Figure skater from the desert, New York financier, ethnic puzzle: Camden Pulkinen thrives on being an “enigma" in sport
Olympics.com spoke to the USA athlete about the leaps of faith that have changed his life trajectory, finding the perfect balance between figure skating and his finance sector job, and his dislike for office cubicles.
Camden Pulkinen never wanted to be like the others. When his Arizona classmates laced up for the school's American football team, he laced up his skates. When everyone went to university, he went to the ice rink. When everyone went to the ice rink, he went to university. When fellow athletes bustled to get ready for the Olympic Games, he got a job in New York’s bustling finance sector.
A lone figure skater from the desert who is simultaneously pursuing a personal best score on the ice and a healthy balance sheet for his clients, Pulkinen brings together a unique mix of Finnish, French and Thai ethnicities, and is someone who is impossible to put in a box.
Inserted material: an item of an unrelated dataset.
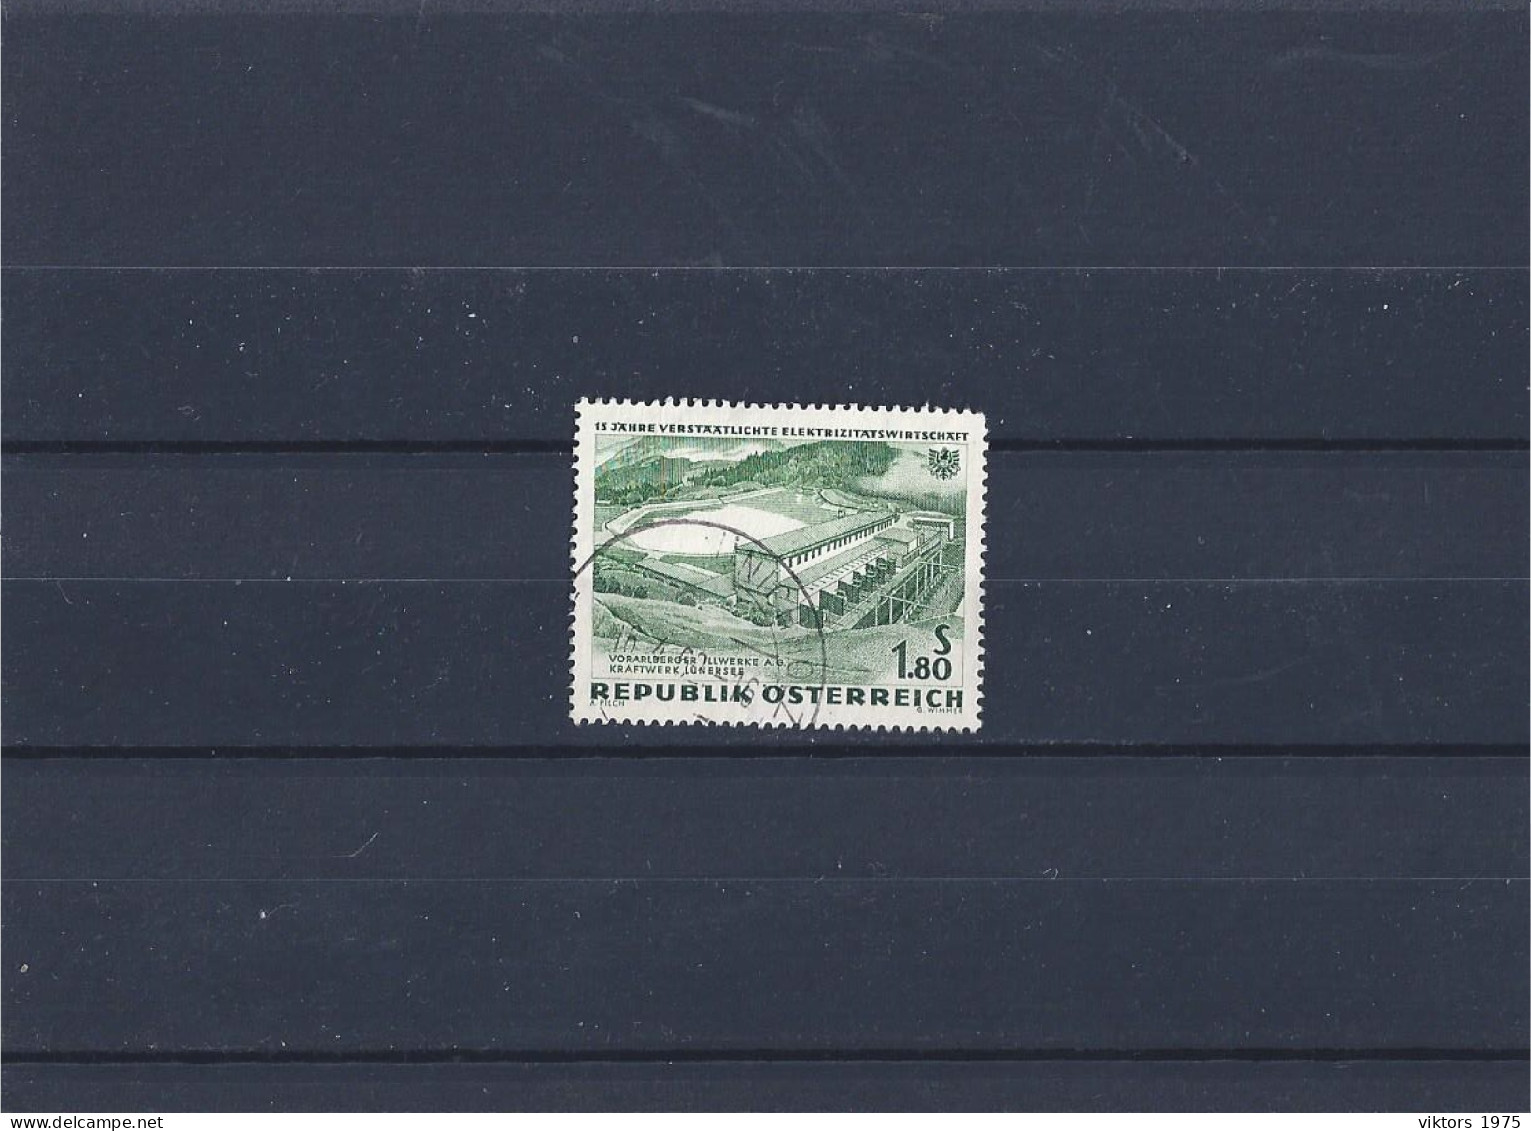 Used Stamp Nr.1105 In MICHEL Catalog - Used Stamps

"I've always wanted to be someone different. I've always wanted to do things differently,” Pulkinen told Olympics.com. “The way I would describe myself is an enigma to the world. I don't think I do things the normal way. If everyone goes right, I like to turn left."
It is a game of contrasts that has worked well for the 24-year-old athlete. A bronze medallist at the 2024 U.S. Figure Skating Championships, Pulkinen is consistently among the best male skaters from his country with a line-up of original programs that showcase his eclectic background.
He has competed at nearly every major figure skating competition and now only the Olympic Games are missing on this list – an omission he hopes to turn around this season when the quotas for the Milano Cortina Olympic Games 2026 are decided.
USA, Finland, France, Thailand – an ethnic blend that made Camden Pulkinen
Usually quick with his replies, Camden Pulkinen pauses and falls silent when asked which of his ethnic origins he identifies with most. His father is of Finnish and French descent while his mother is Thai. Their son was born and raised in Arizona and has since lived in two other USA states.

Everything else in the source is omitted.